Consider the following ways that you can promote students interacting with you:

Syllabus/Course Outline and Course Communication

  • State on the syllabus your preferred method for students to contact you, such as by email or through Brightspace. Also, clearly delineate when you will respond to any communication received by students. This is important so that students do not become too stressed regarding when they will hear from you.
  •  Communicate often. Weekly updates or reminders on Brightspace, help students feel connected to you and the course. When appropriate, send students links to resourcessuch as the Learn Anywhere site or adjusting study habits to help students. 

Office Hours

  • Hold regular office hours.
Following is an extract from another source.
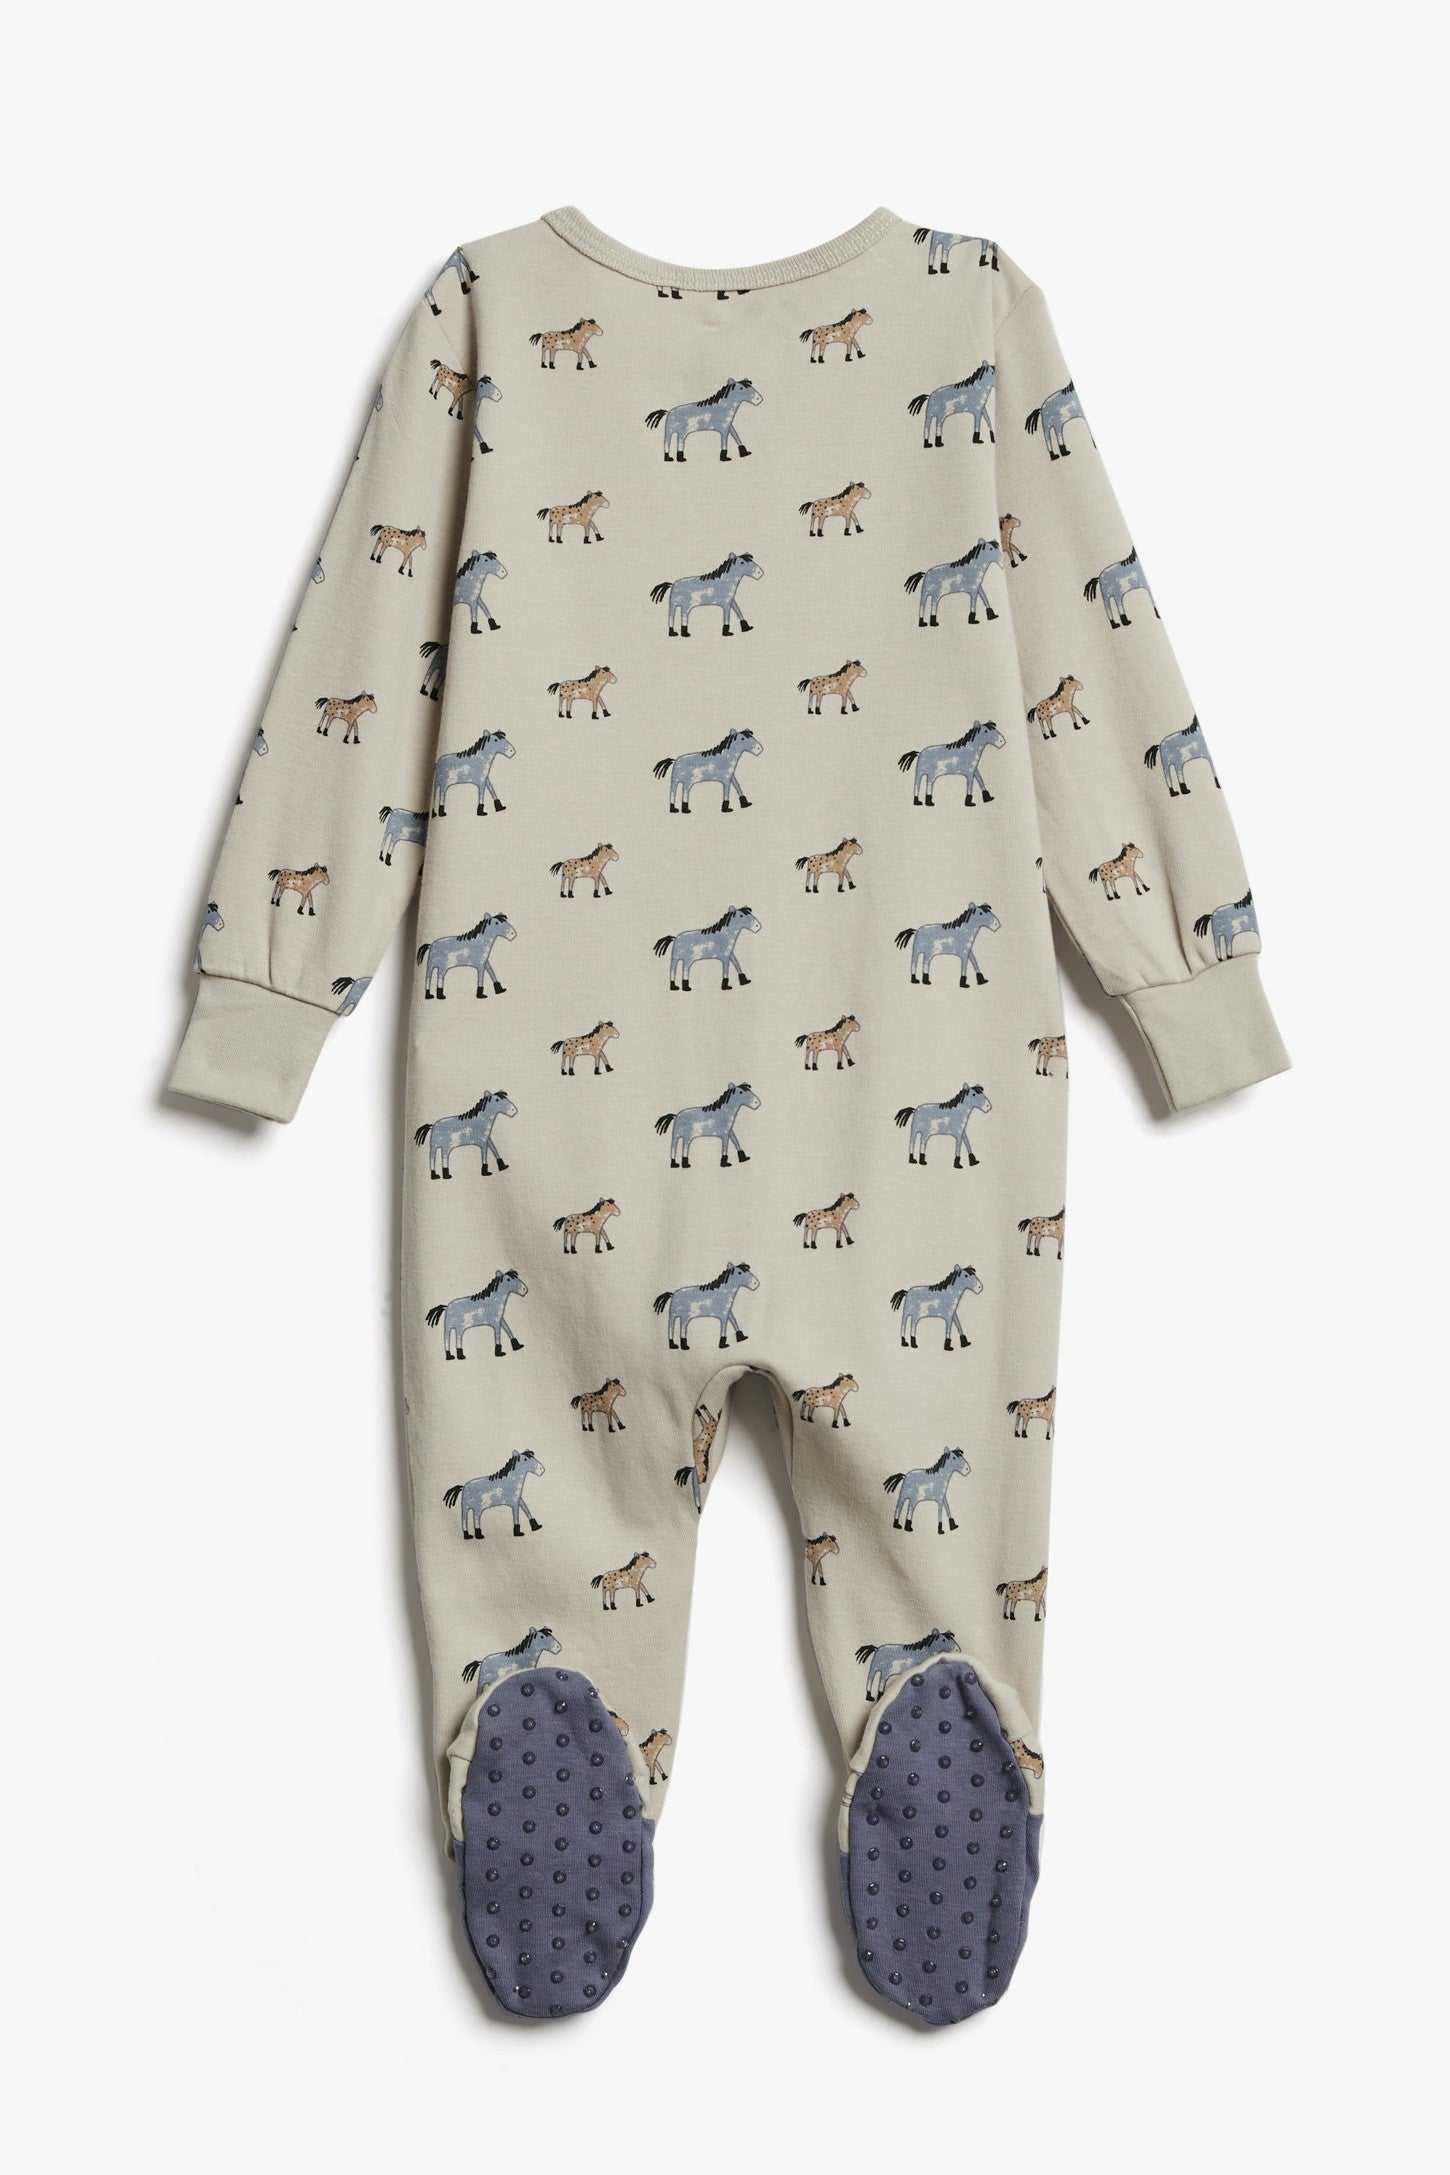 Pyjama 1-pièce imprimé, coton bio, 2T-3T - Bébé && BEIGE
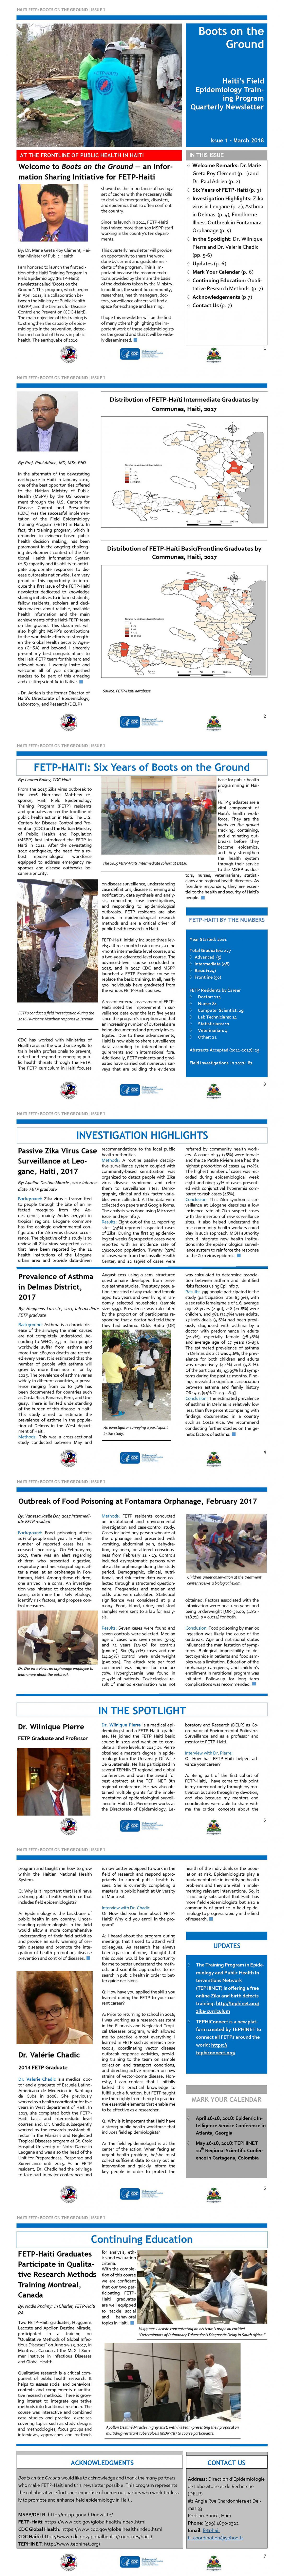 Haiti’s Field Epidemiology Training Program Quarterly Newsletter

Recently, instructors have found using Zoom for office hours a convenient method to interact with students. Remind students often of the benefit of coming to see you in office hours, such as increased sense of belonging, motivation, and involvement in the course[2].
  • If there is a teaching assistant (TA) for the course, encourage the TA to also set up office hours so that students have multiple ways to talk about the course. Often, students, especially in first year, may feel more comfortable talking to a TA.
  • Use office hours for feedback purposes on assignments[5].
  • Consider making office hours part of the course (e.g., students are encouraged to attend once so that the instructor and student can talk about a particular assignment) or part of students’ participation marks. For example, consider incentivizing the first office hour to encourage students to engage with you or your TA.
  • Send personalized invitations to students to office hours and if using Zoom, post the link visibly on Brightspace.
  • Pair office hours with discussion forums. Discourage email by asking students to attend office hours for assistance and support; or have questions asked by students anonymously visible to all by setting up a discussion forum or class-based questions that you will address in office hours.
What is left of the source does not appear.